Chapter 6 reflects on what we have learned in the previous chapters, which questions have arisen from this new knowledge, and what next steps should be taken. Our results seem to implicate bad luck in choosing model organisms as the main reason why sponge cells were not cultured successfully before. Sponge cells can divide incredibly rapidly, and we hypothesize that the cells may be dividing without replicating their genome, either because tetraploid cells are present to immediately start regenerating the sponge after damage, or because the sudden change in the presence of nutrients may trigger the cells to undergo meiosis, a trait found in a phylogenetically‐related group, the unicellular choanoflagellates. Active telomerase found in sponge cells and the age sponges are reported to reach in the wild suggest sponges may be naturally immortal. Studying telomere length in the G. barretti cell line may help shed light on this matter, as well as elucidating how sponges repair DNA damage to maintain genomic integrity during their long lifespan. If sponge cells are indeed immortal, we will not need CRISPR‐Cas12a to immortalize sponge cells. However, this versatile tool has many other uses in developing production strains from sponge cells, for example by upregulating metabolic pathways to increase product yields or knocking out other pathways to direct resources to the product.

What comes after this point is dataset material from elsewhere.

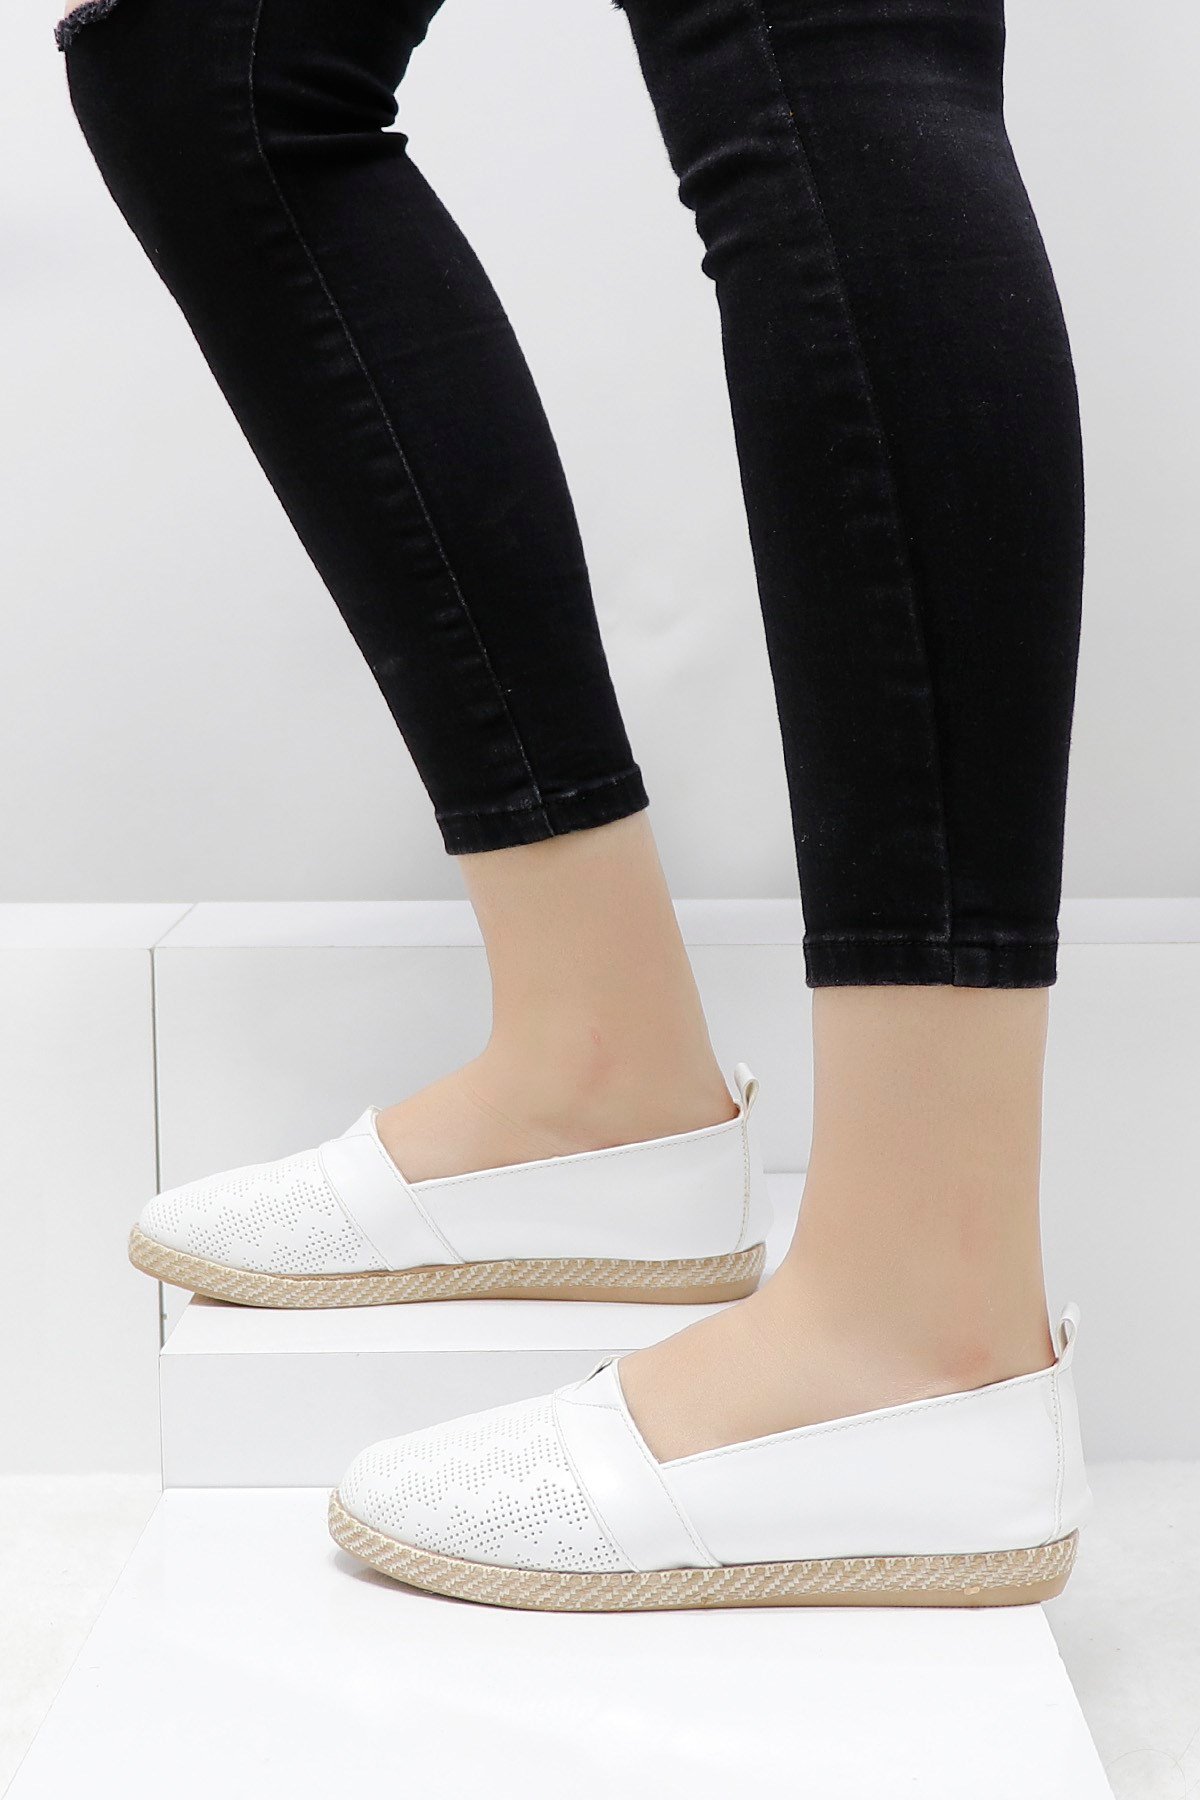 Beyaz Kadın Babet Ayakkabı F04 Fiyatı ve Modelleri

Finally, we discuss the future of sponge biotechnology. Now that we can culture sponge cells consistently and possibly continuously, many new lines of research have opened up. Methods used to develop the G. barretti cell line can be applied to other species. However, high levels of inter‐ and intraspecies variation in sponges means model organisms and source material will need to be assessed carefully using preliminary experiments, and establishing cell lines will require species‐specific optimizing of media and culture conditions. Sponge cell lines are an ideal model system for all kinds of experiments, for example to predict the impact of warmer and more acidic oceans due to climate change, study animal‐microbe (endo)symbiosis, or determine how bioactive compounds are produced. Understanding these pathways will help improve yields and produce sufficient supply of bioactive compounds for clinical trials and treatment. Before sponge cell lines can produce bioactive compounds on an industrial scale, different bioreactors will need to be tested at a small scale to determine the most efficient design. If sponge cell lines can be axenic and how this would affect desired compounds still needs to be determined. Many new challenges await, but we now have the required tools and knowledge to overcome these challenges. It is the dawn of a new era in sponge biotechnology.